▶ [Activity] From the line containing "Uppland Armchair –" to the last line of the data, both included, transcribe each line exactly, leaving out pictures and adding nothing.

▶ [Supplied information]
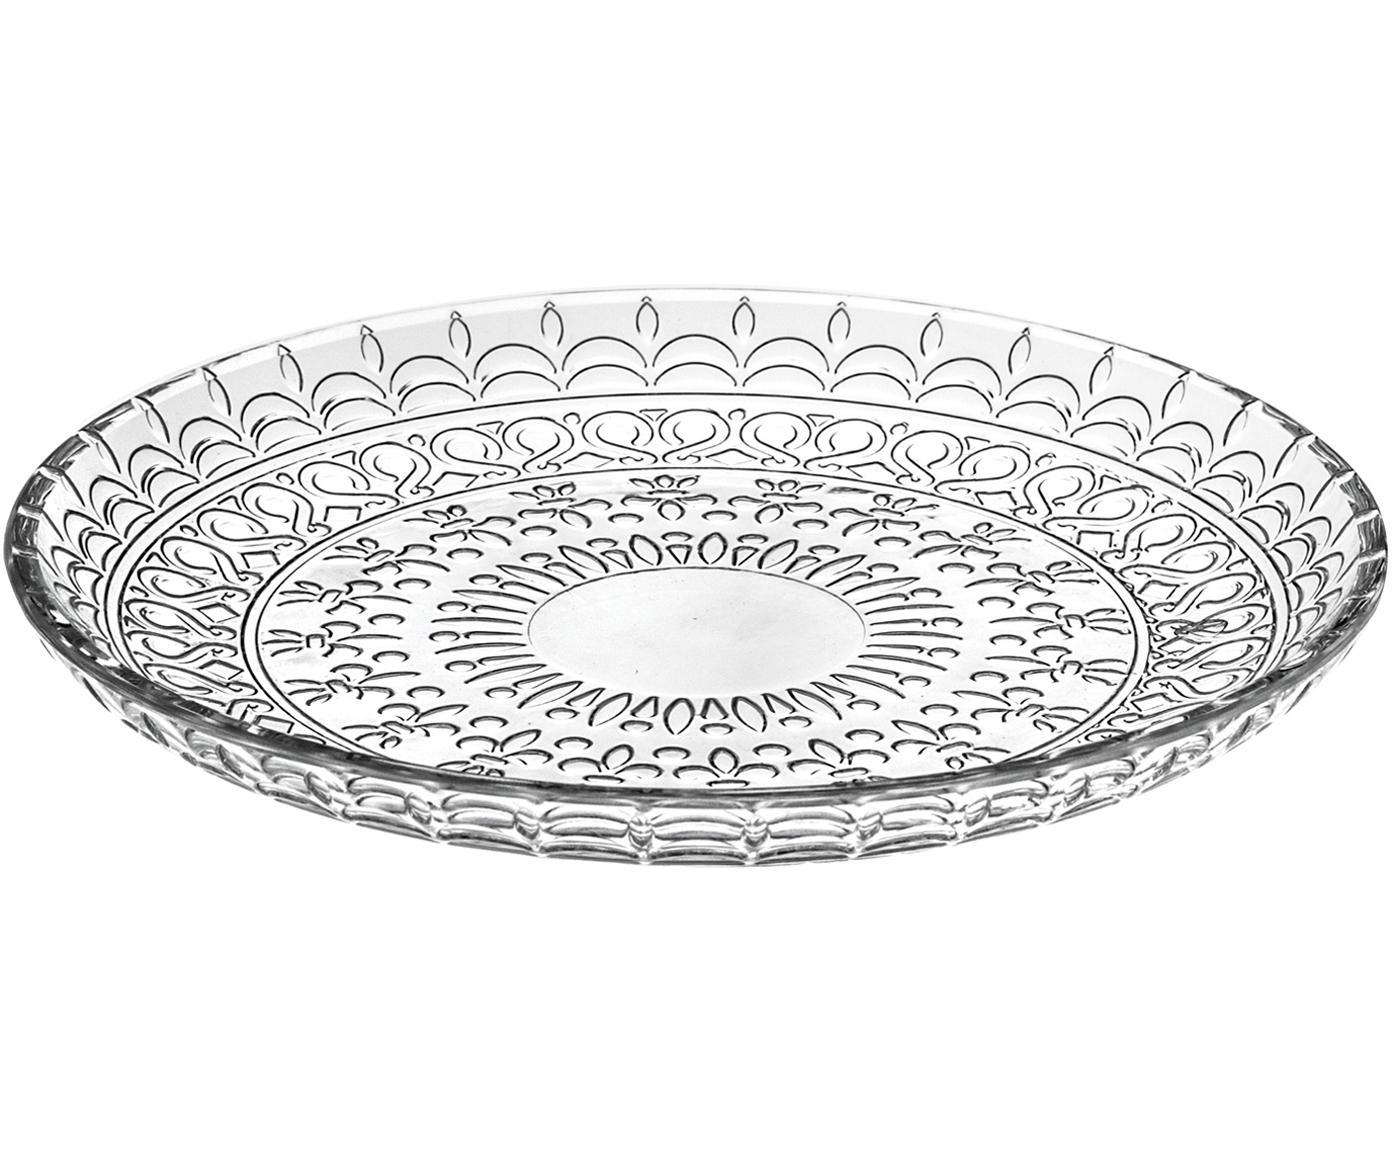 Kristall-Dessertteller Fondo, 4 Stück, Luxion-Kristallglas, Transparent, Ø 21 cm
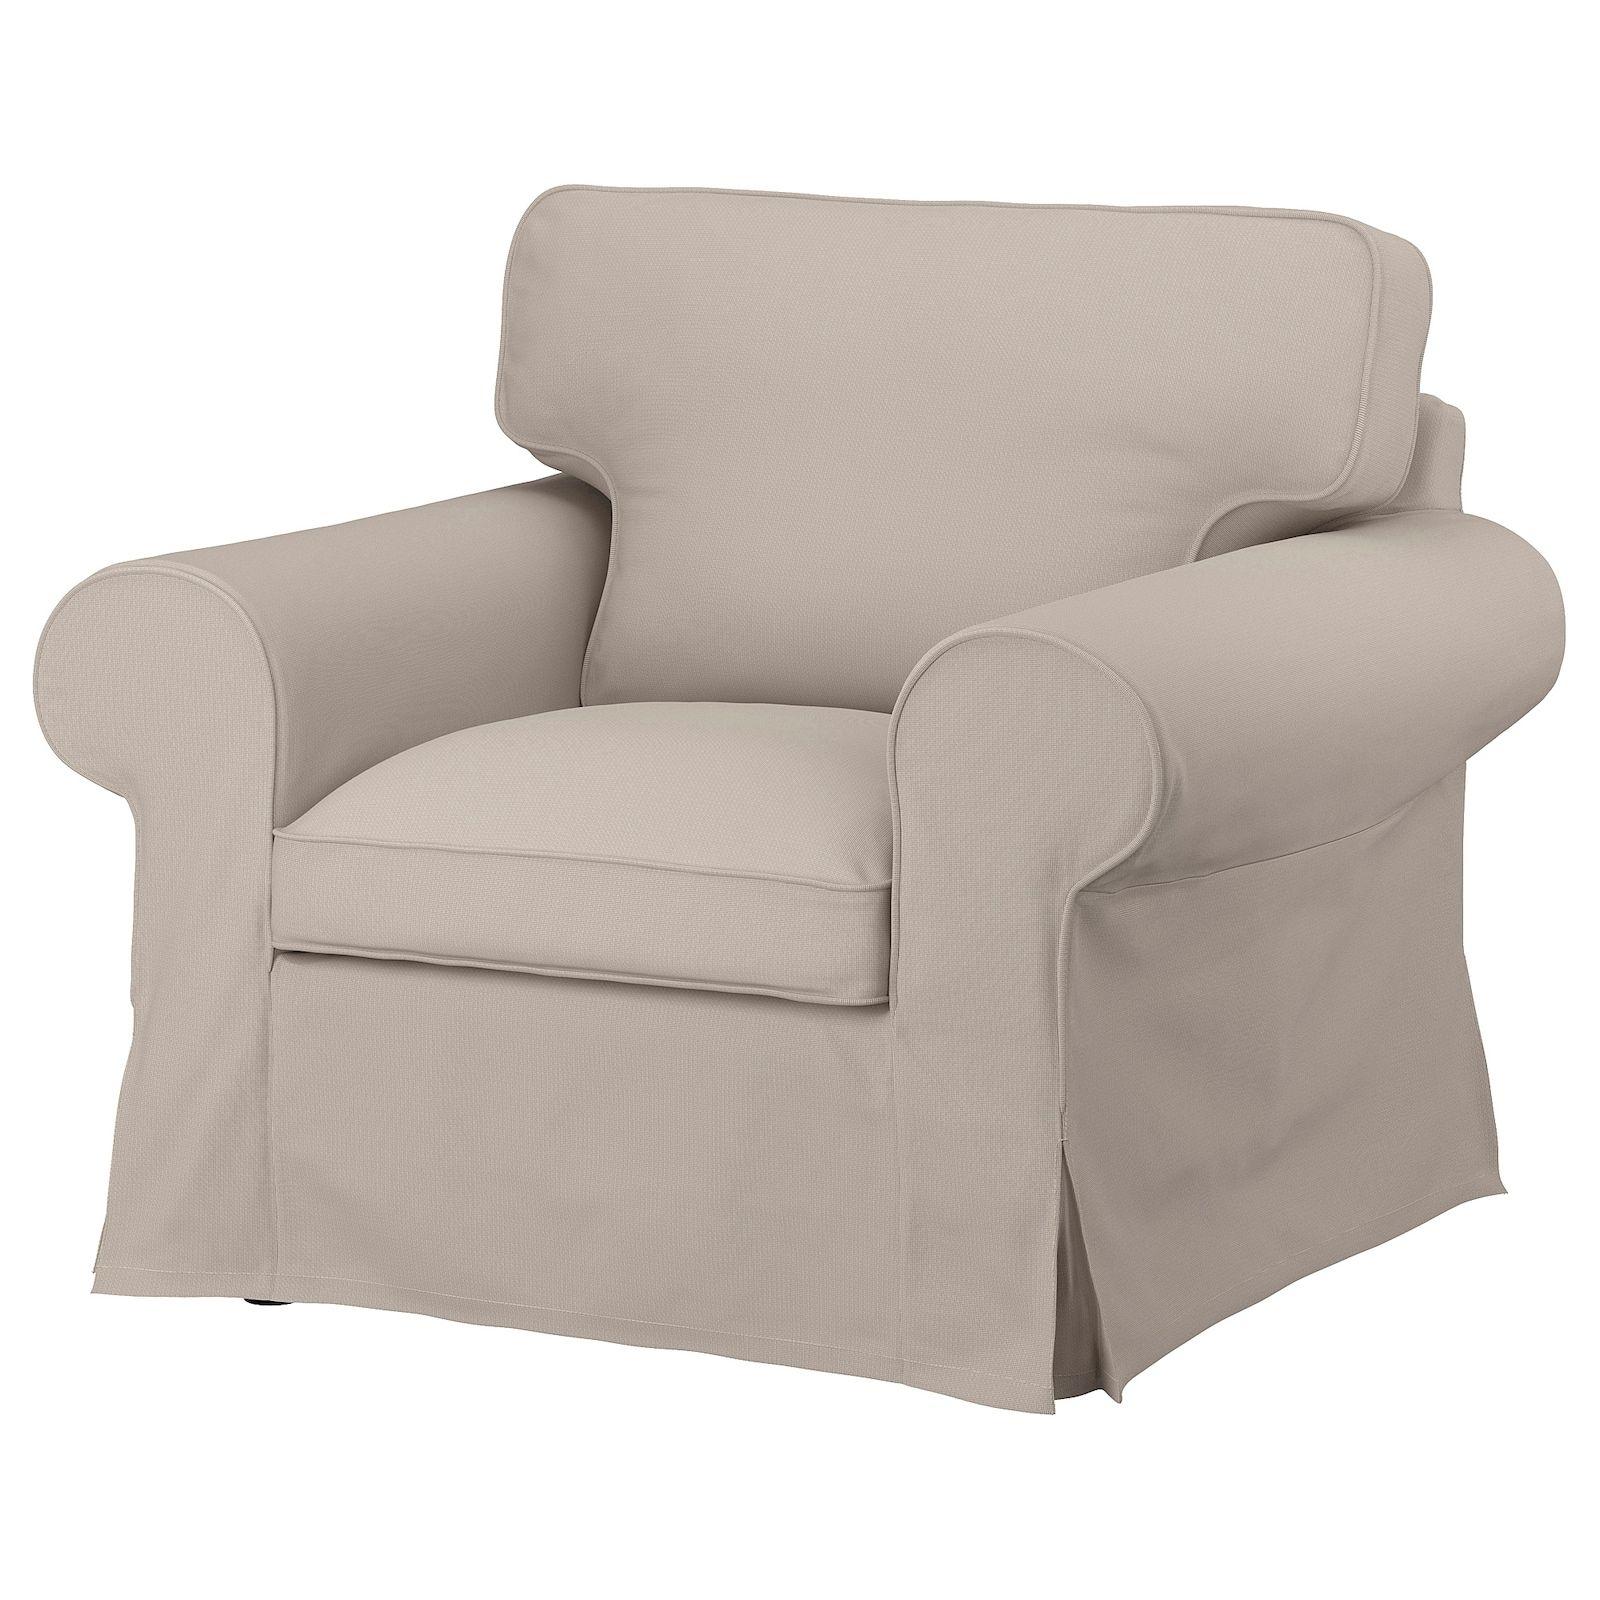 Uppland Armchair – Totebo Light Beige – Ikea   Armchair For Zalina Swivel Armchairs (View 7 of 15)
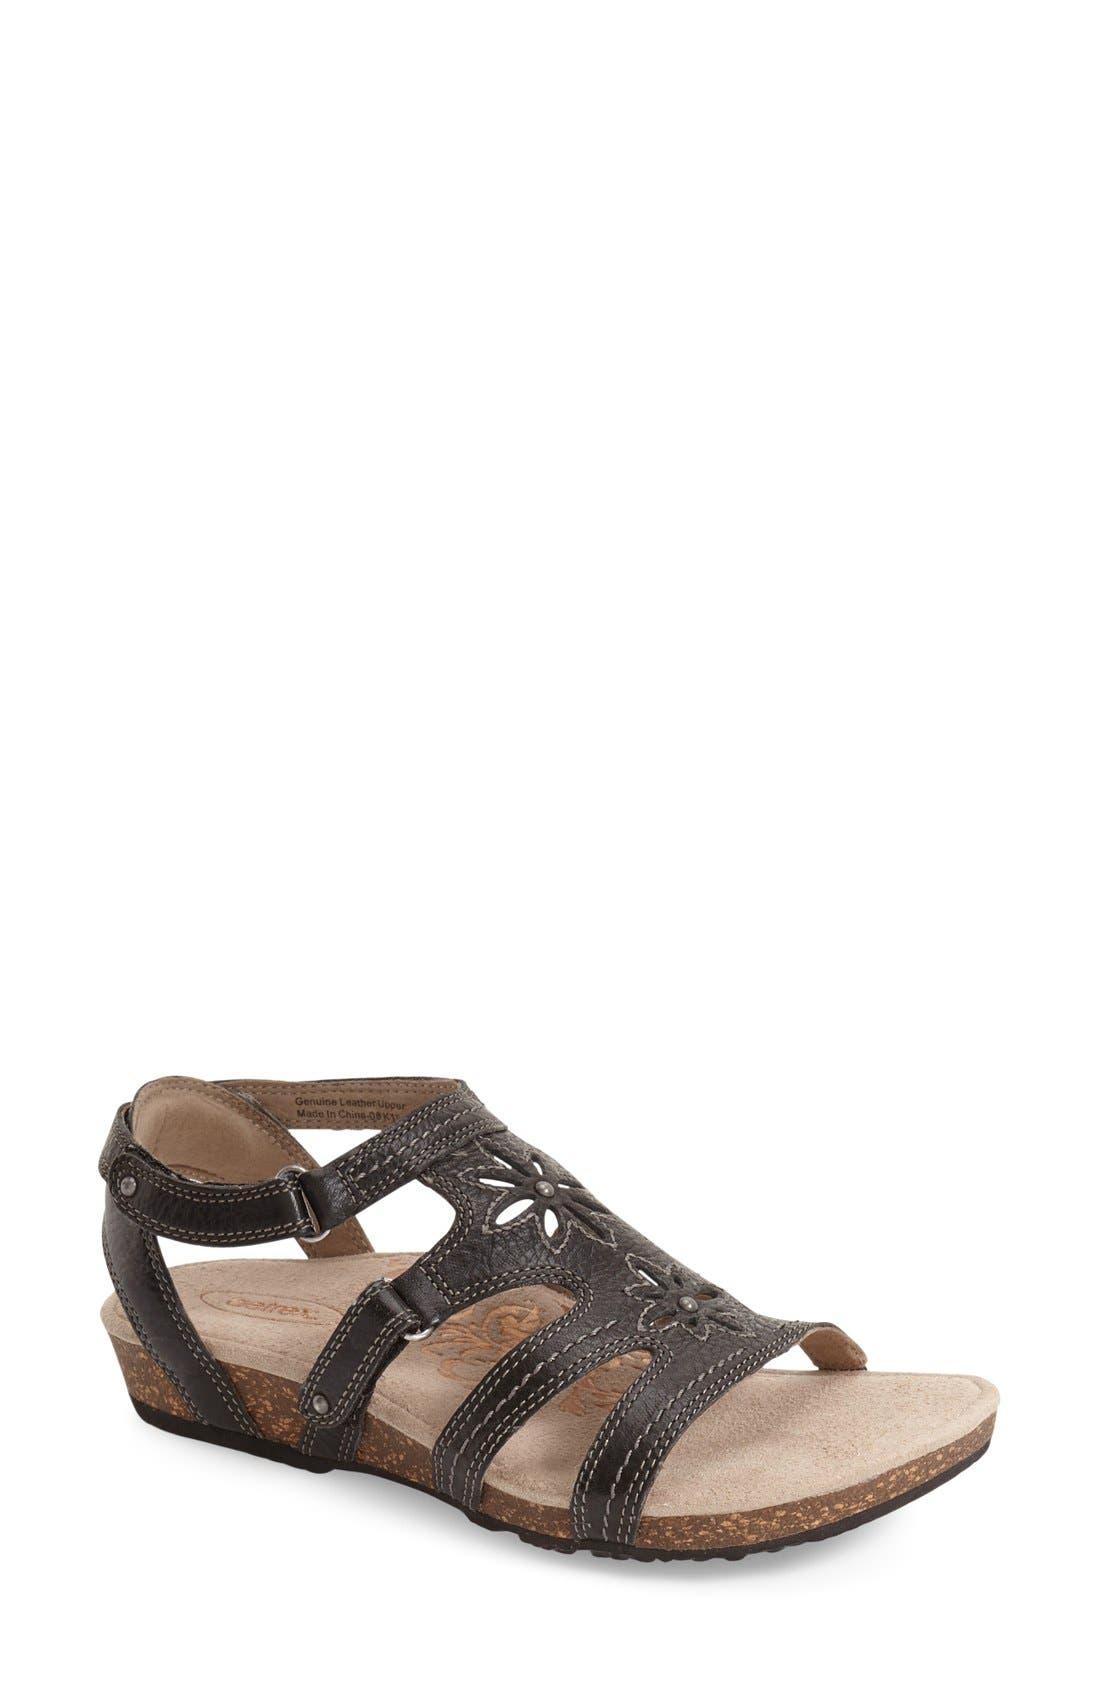 Alternate Image 1 Selected - Aetrex 'Natasha' Gladiator Sandal (Women)

▶ [Answer to this exercise]
 Uppland Armchair – Totebo Light Beige – Ikea   Armchair For Zalina Swivel Armchairs (View 7 of 15)
 Alternate Image 1 Selected - Aetrex 'Natasha' Gladiator Sandal (Women)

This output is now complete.